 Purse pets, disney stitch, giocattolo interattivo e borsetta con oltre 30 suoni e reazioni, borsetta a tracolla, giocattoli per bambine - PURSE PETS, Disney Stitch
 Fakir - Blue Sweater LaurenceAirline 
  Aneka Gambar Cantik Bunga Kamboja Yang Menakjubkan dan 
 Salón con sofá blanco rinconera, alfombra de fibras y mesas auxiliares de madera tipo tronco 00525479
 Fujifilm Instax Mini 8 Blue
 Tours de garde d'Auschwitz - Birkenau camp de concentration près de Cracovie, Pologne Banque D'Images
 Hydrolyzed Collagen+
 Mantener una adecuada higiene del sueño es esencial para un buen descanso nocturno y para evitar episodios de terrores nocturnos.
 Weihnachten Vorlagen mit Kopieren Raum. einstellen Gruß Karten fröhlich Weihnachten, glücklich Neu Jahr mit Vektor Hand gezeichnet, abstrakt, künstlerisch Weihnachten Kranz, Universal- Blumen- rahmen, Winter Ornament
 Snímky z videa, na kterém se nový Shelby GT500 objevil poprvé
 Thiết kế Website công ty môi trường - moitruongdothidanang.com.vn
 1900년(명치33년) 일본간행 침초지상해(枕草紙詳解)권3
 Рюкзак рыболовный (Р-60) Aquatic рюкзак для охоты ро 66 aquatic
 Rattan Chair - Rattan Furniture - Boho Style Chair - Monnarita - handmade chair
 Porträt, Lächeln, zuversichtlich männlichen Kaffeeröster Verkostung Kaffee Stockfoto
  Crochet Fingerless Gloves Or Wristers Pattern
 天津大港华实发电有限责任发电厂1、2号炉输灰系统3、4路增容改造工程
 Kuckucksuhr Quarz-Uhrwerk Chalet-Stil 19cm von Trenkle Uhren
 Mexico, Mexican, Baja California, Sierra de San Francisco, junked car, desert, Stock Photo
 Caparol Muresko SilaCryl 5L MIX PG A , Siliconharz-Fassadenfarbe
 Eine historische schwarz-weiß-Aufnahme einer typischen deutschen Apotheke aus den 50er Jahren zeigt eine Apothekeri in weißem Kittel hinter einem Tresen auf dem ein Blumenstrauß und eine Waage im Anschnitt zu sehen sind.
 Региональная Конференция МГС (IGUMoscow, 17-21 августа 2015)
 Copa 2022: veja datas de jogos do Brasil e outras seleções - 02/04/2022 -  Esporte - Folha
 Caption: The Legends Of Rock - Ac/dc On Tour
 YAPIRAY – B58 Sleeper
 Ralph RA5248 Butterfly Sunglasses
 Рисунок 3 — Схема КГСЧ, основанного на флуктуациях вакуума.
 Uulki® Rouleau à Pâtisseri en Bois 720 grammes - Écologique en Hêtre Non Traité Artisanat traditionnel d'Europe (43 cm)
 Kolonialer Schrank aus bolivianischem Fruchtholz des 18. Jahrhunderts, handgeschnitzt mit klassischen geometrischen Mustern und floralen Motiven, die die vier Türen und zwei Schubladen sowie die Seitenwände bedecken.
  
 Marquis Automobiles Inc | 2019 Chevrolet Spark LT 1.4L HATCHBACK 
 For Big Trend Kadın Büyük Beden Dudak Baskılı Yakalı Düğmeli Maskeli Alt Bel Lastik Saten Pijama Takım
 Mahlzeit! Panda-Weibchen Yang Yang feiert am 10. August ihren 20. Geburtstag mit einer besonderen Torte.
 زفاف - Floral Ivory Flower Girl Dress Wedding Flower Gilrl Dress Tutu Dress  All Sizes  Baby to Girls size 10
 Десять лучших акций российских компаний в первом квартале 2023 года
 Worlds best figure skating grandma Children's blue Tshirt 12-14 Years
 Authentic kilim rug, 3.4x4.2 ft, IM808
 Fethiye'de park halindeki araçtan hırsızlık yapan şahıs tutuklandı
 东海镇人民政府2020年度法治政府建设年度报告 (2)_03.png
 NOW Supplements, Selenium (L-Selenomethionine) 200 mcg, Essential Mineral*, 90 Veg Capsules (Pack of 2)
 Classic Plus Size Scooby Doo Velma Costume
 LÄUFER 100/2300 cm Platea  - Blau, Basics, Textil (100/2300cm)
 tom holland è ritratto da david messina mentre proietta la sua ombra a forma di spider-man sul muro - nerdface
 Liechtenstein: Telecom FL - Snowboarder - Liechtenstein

______________________________

The problem —
From the records, determine the number of lines holding the word "einer", and state that number only.

Reply —
2